**YOUR TASK**
Given these entries, repeat exactly the lines starting with the one that has "ピアノとオーケストラが入った合唱曲の再生済みの波形" and going on through the one that has "P. Giulio Milone S. I.", both included, but none of the pictures.

**LISTED RECORDS**
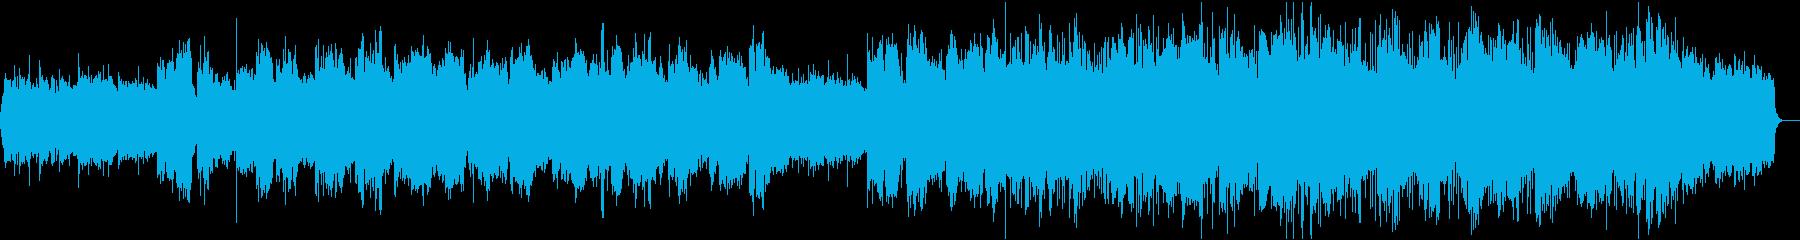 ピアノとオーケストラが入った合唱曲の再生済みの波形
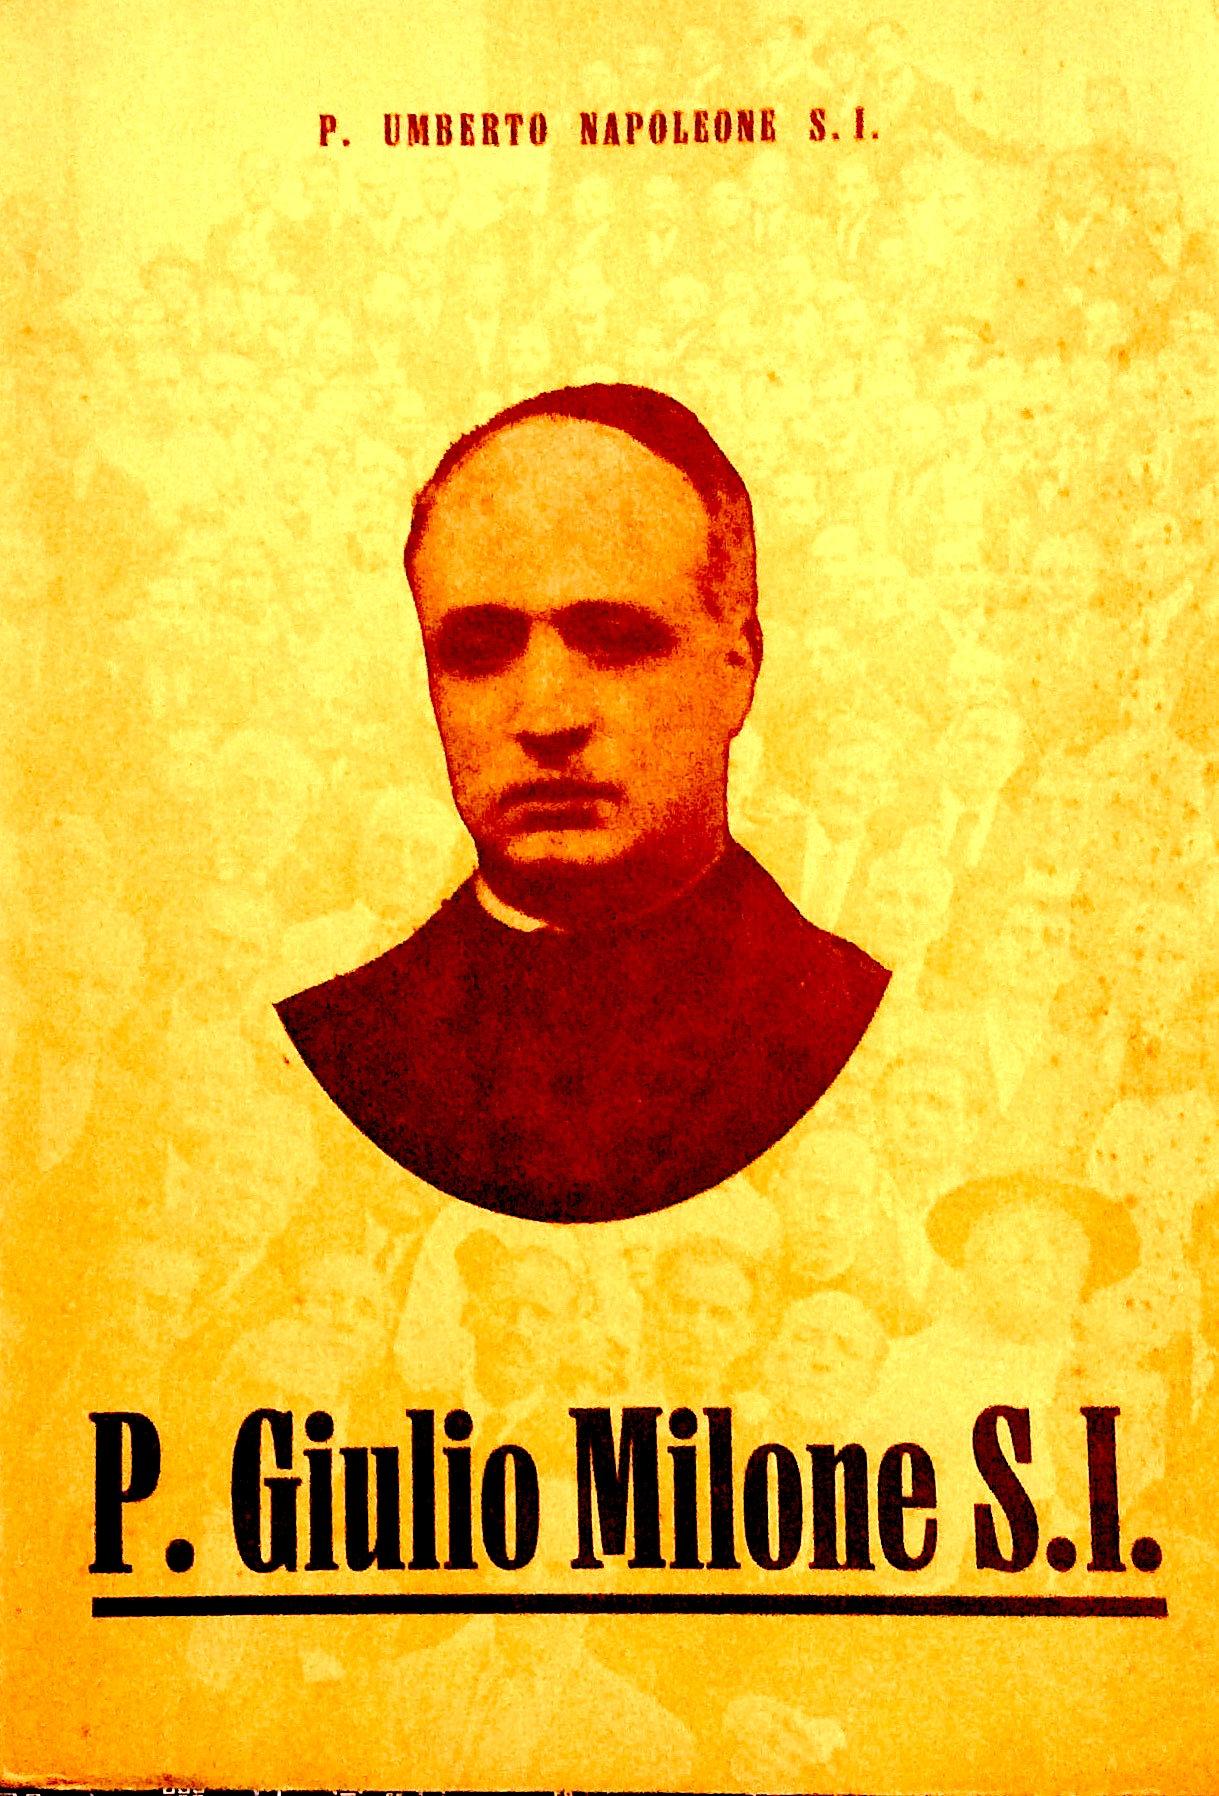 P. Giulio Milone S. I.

...

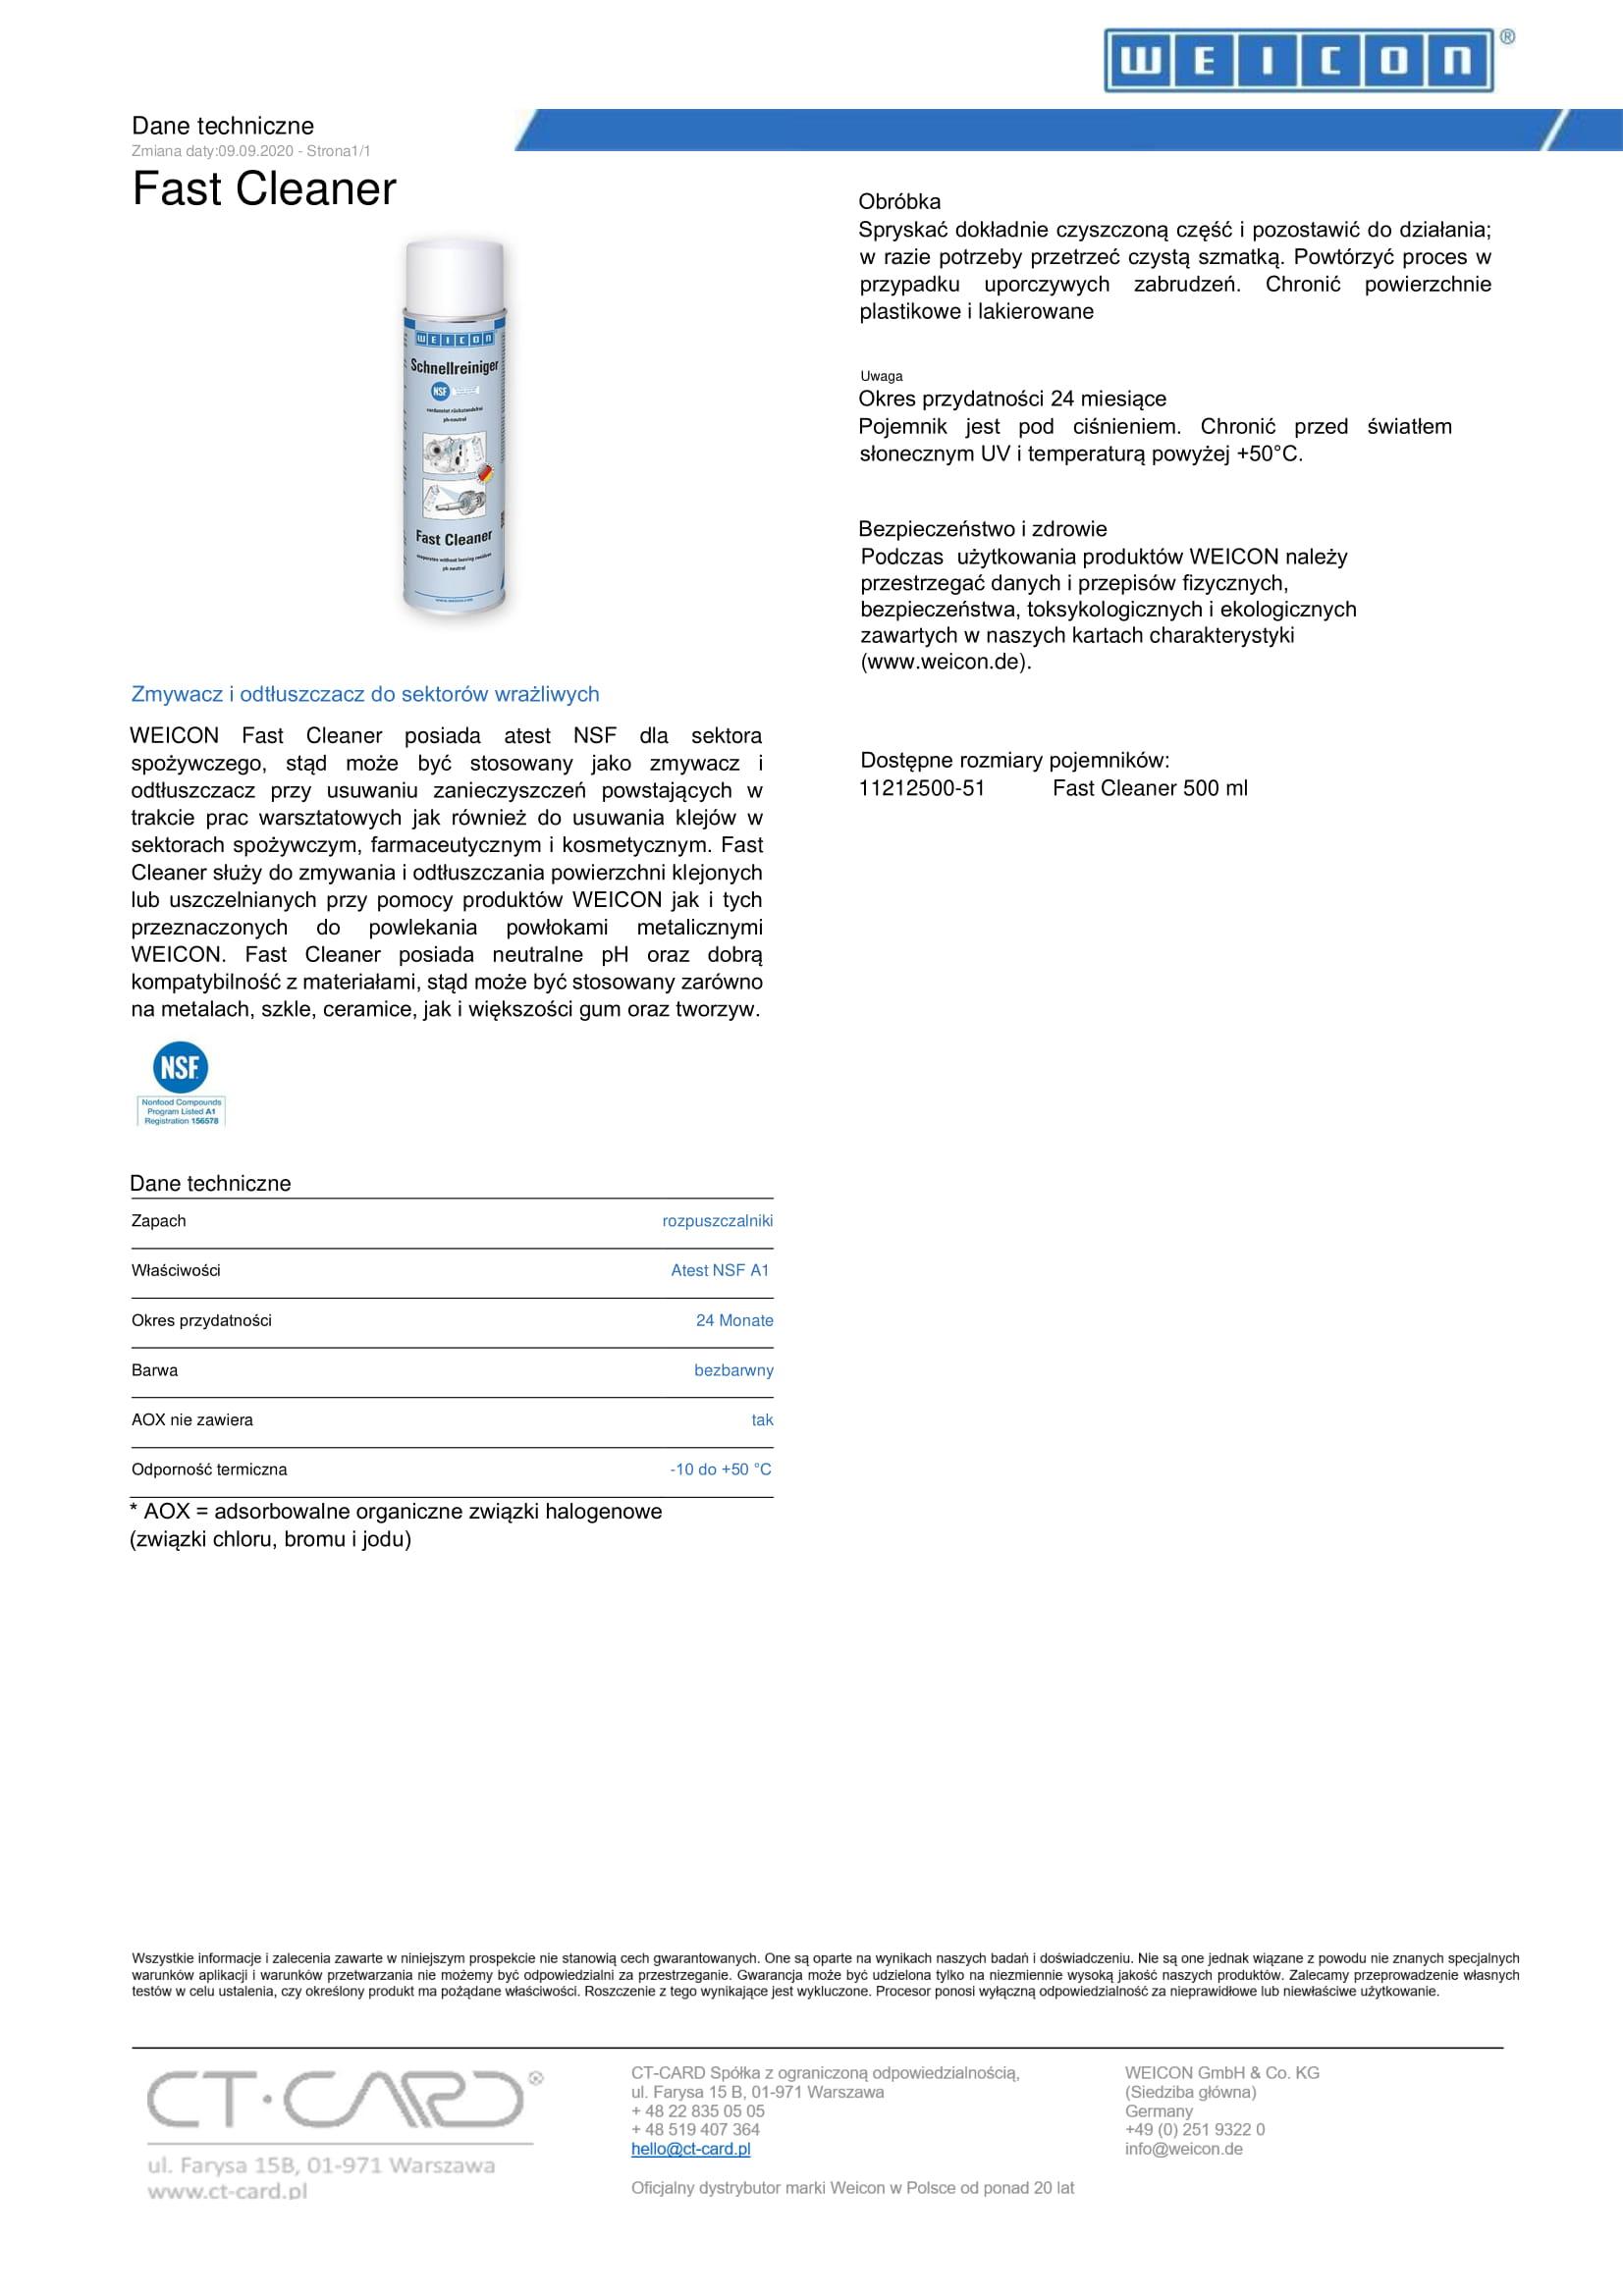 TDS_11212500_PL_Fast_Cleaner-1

---

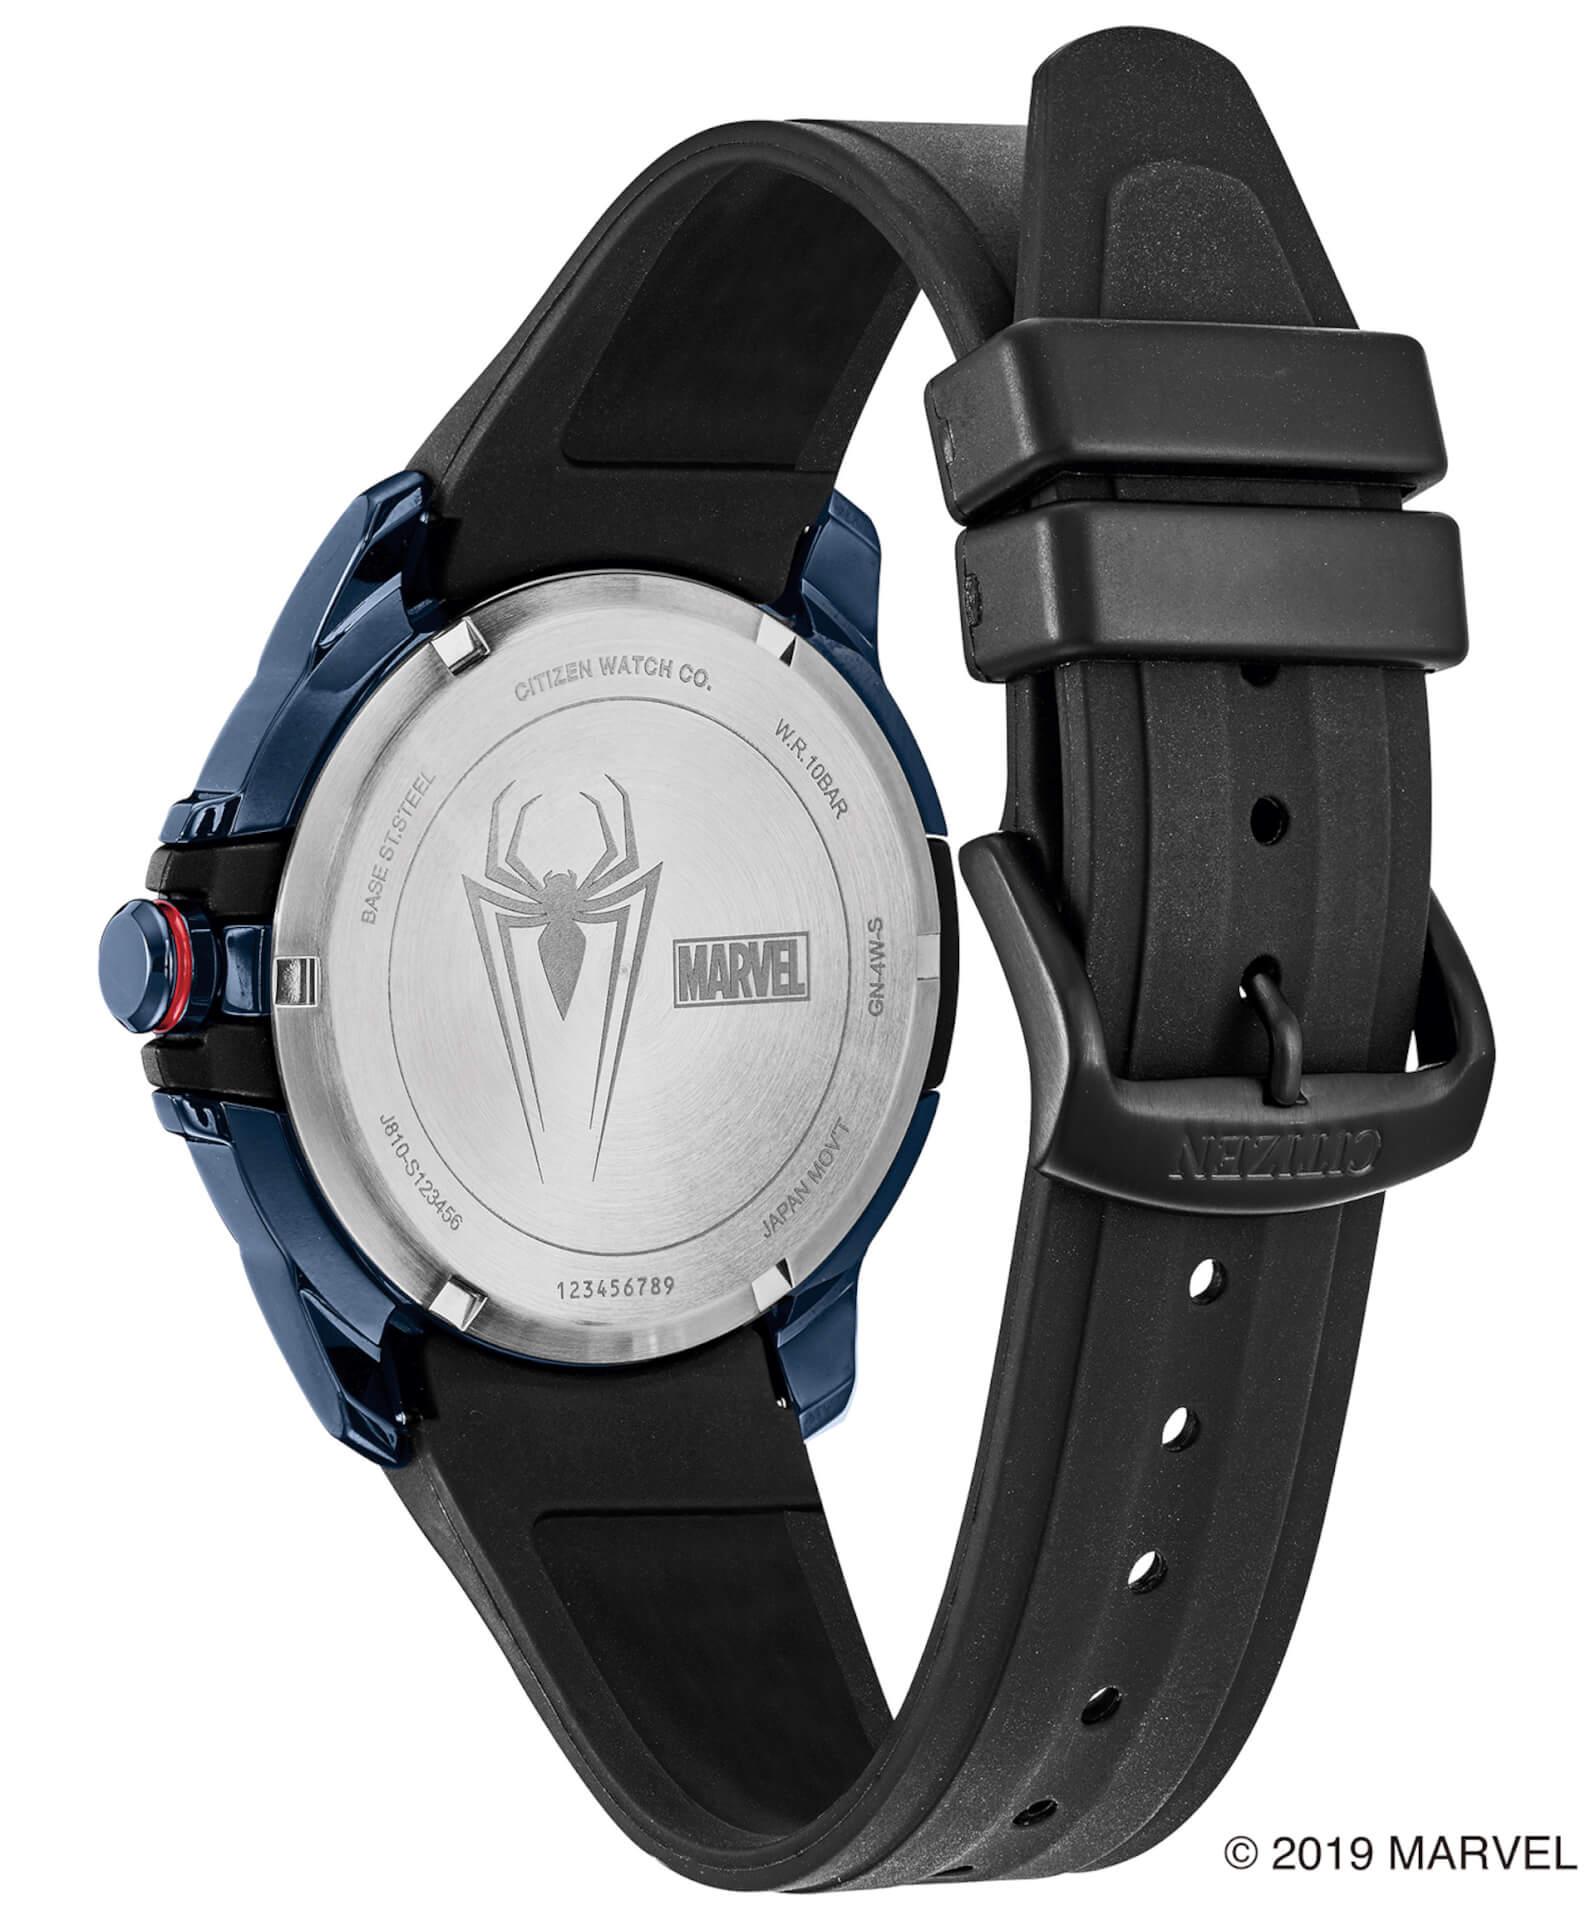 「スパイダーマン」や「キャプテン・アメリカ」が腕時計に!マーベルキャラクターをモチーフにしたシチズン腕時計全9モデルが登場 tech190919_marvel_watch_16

**SOLUTION TO THIS EXERCISE**
 ピアノとオーケストラが入った合唱曲の再生済みの波形
 P. Giulio Milone S. I.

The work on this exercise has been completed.